*** MATERIAL PROVIDED Section Begins ***
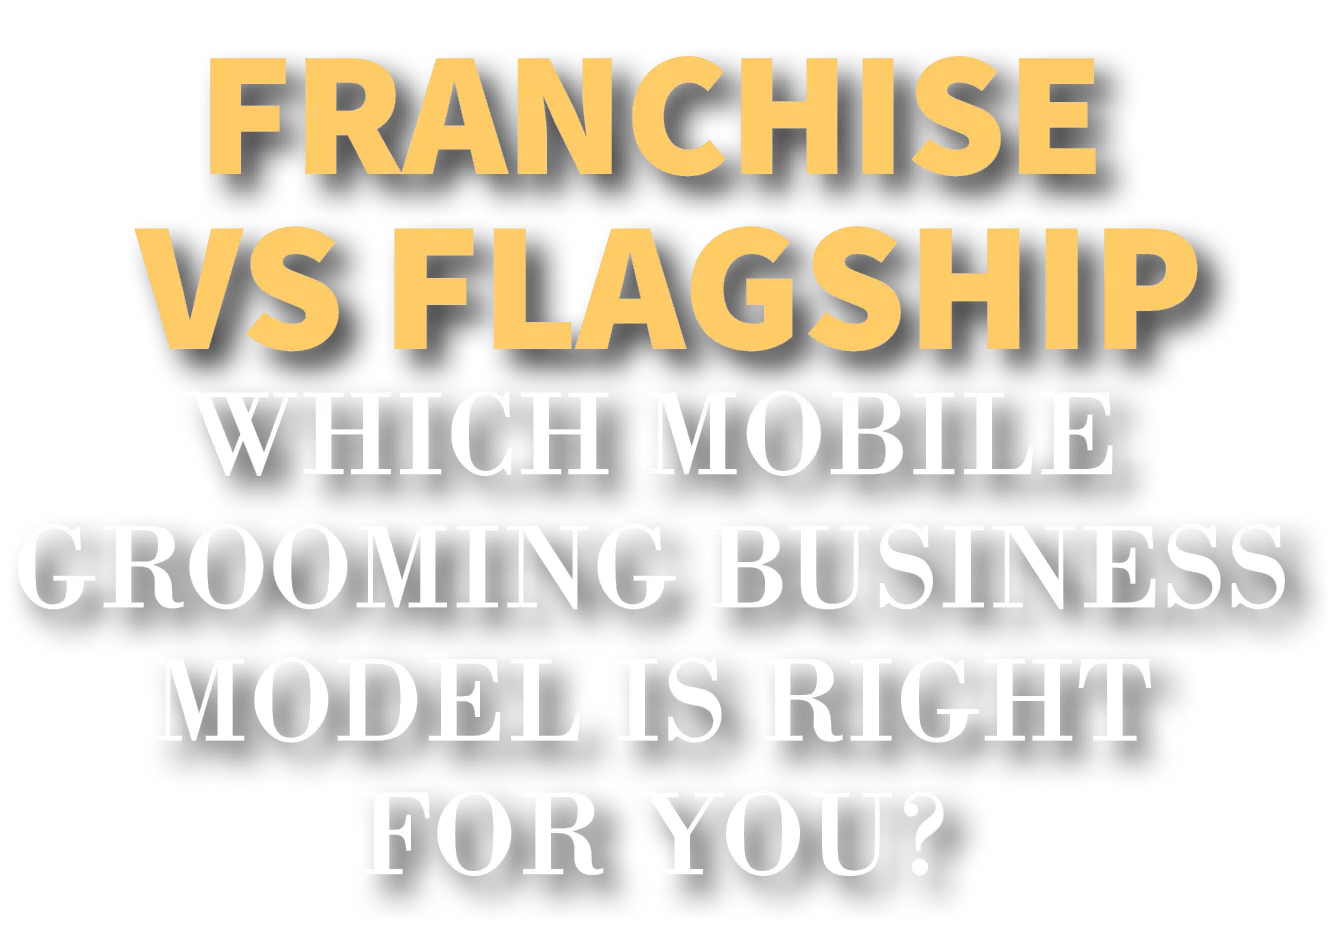 Franchise vs Flagship Which Mobile Grooming Model is right for you?
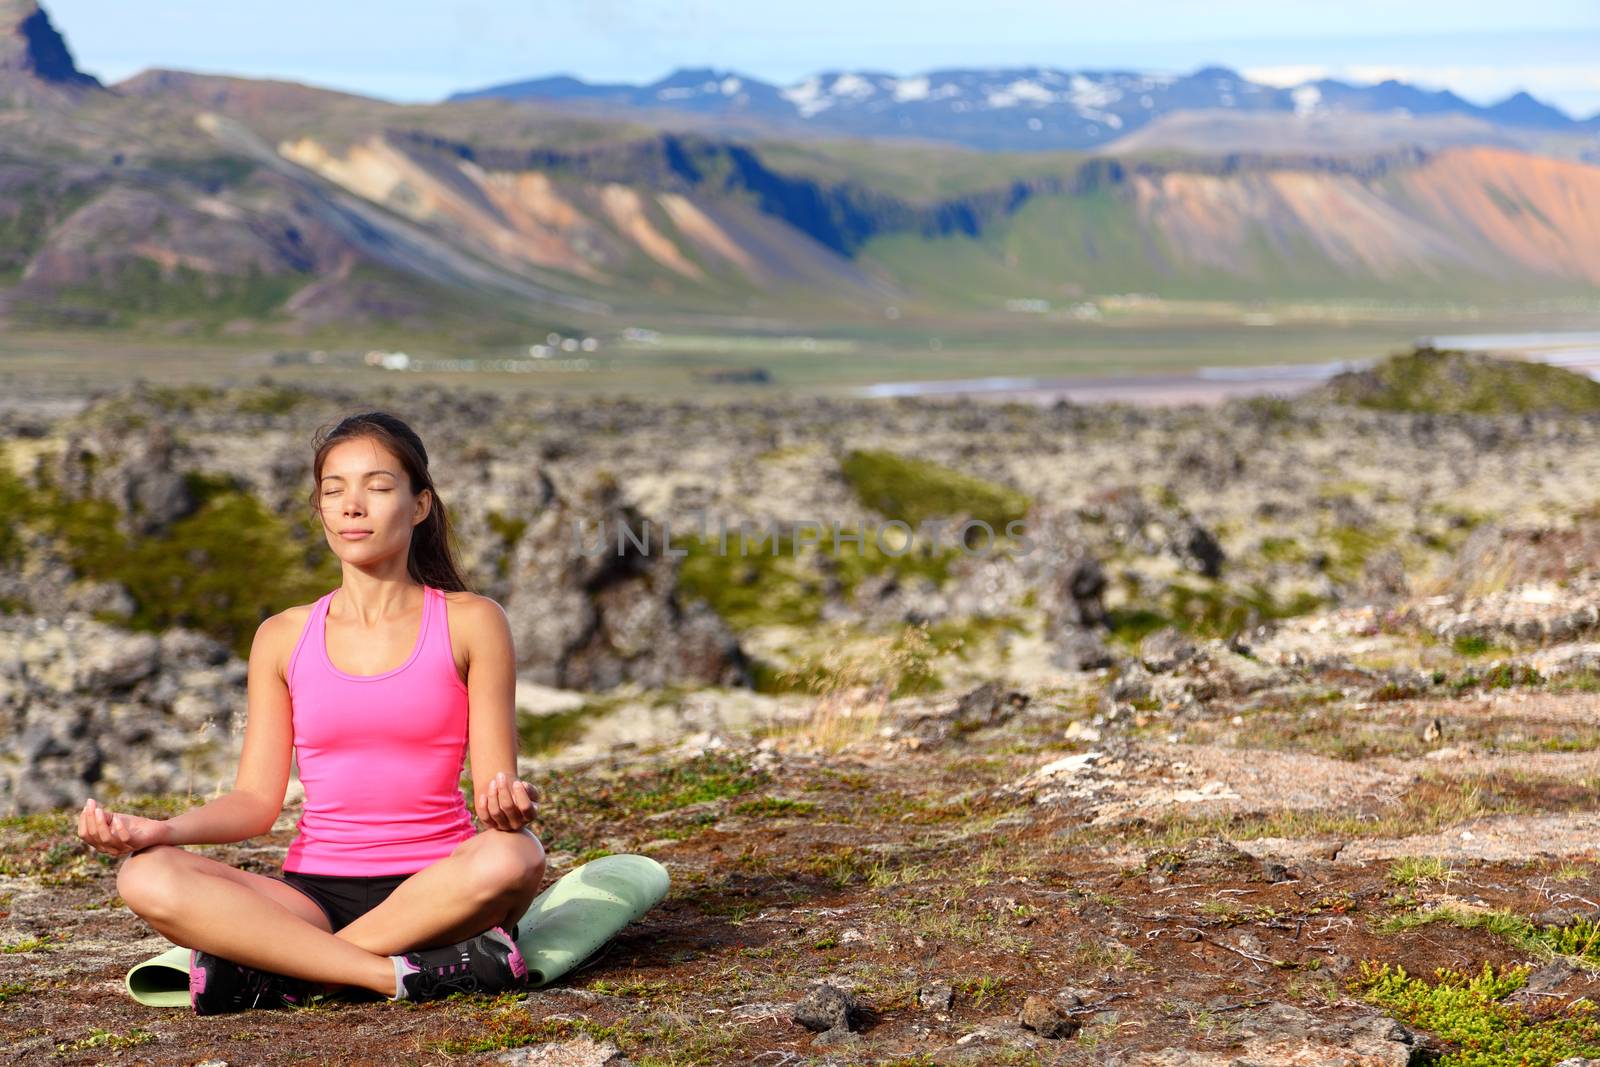 Meditating yoga woman in meditation in nature. Female model relaxing in serene harmony in lotus position pose. Healthy wellness lifestyle image with multicultural young woman. Image from Iceland.
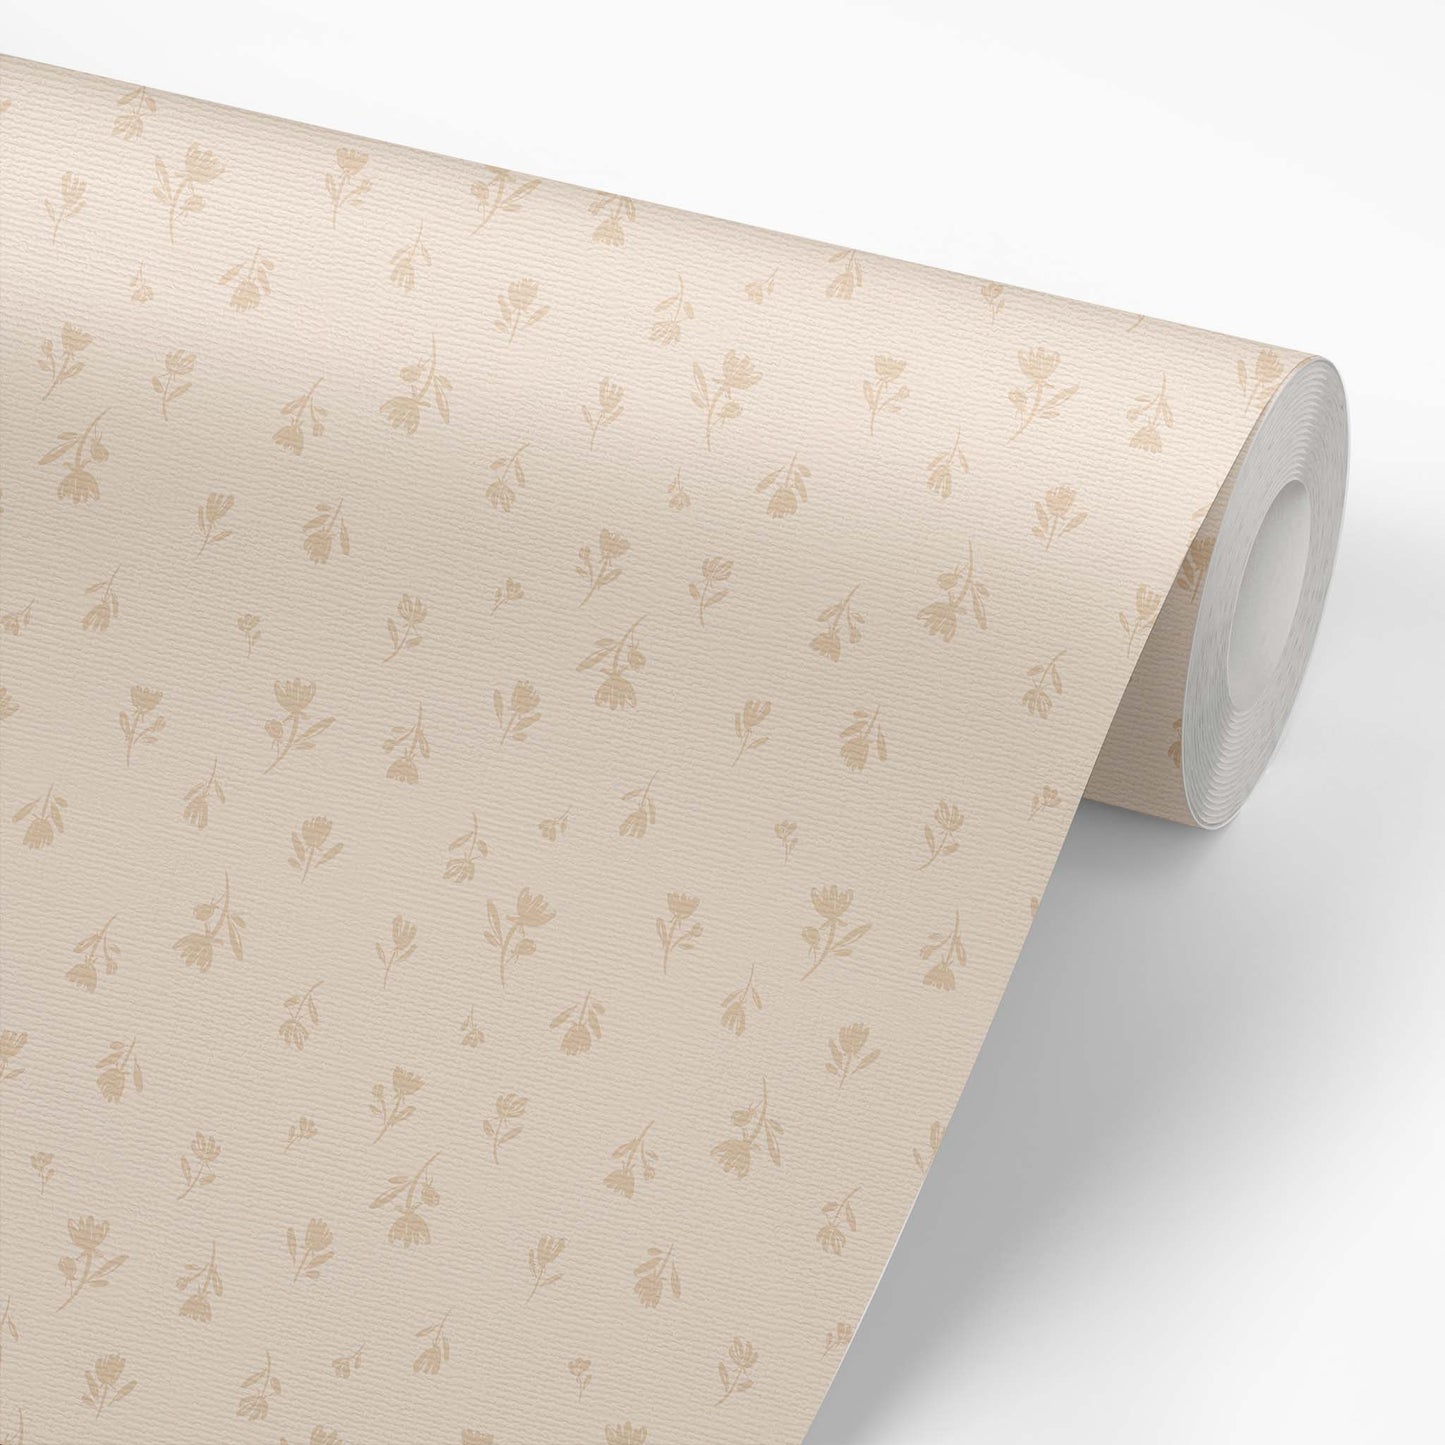 Wallpaper panel featuring Cayla Naylor Annette-Dogwood Peel and Stick Wallpaper - a floral pattern
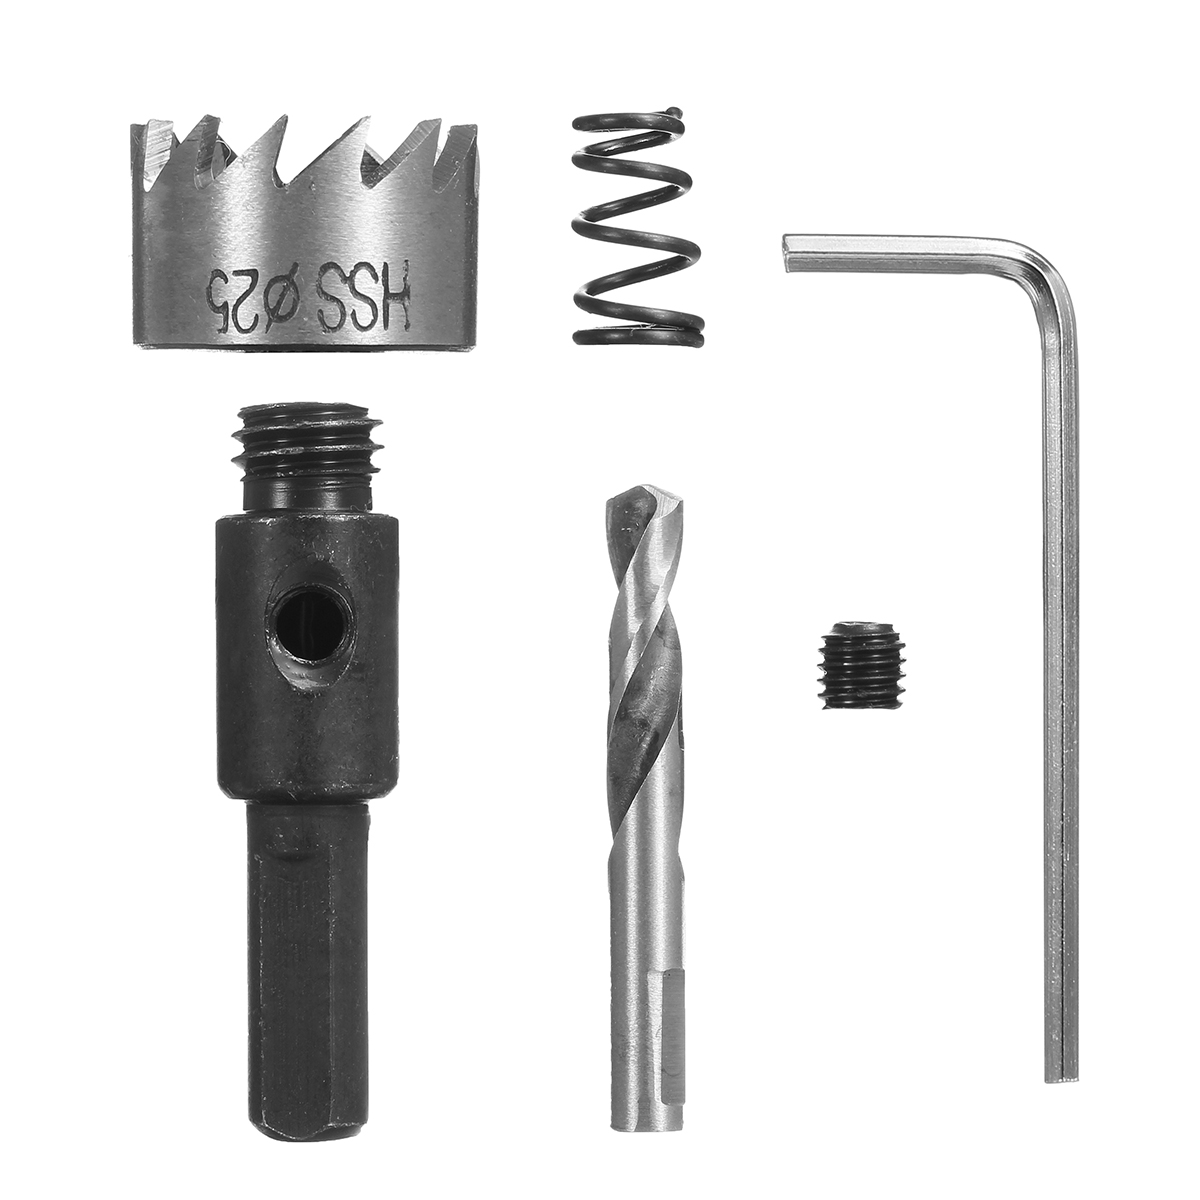 5Pcs-Saw-Tooth-HSS-Drill-Bit-Hole-Saw-Set-Stainless-Steel-Metal-Alloy-16-30mm-1203295-6
*** MATERIAL PROVIDED Section Ends ***
→ **YOUR OBJECTIVE**
Reproduce the data word for word, excluding its pictures.

→ **WRITTEN ANSWER**
 Franchise vs Flagship Which Mobile Grooming Model is right for you?
 Meditating yoga woman in meditation in nature. Female model relaxing in serene harmony in lotus position pose. Healthy wellness lifestyle image with multicultural young woman. Image from Iceland.
 Wallpaper panel featuring Cayla Naylor Annette-Dogwood Peel and Stick Wallpaper - a floral pattern
 5Pcs-Saw-Tooth-HSS-Drill-Bit-Hole-Saw-Set-Stainless-Steel-Metal-Alloy-16-30mm-1203295-6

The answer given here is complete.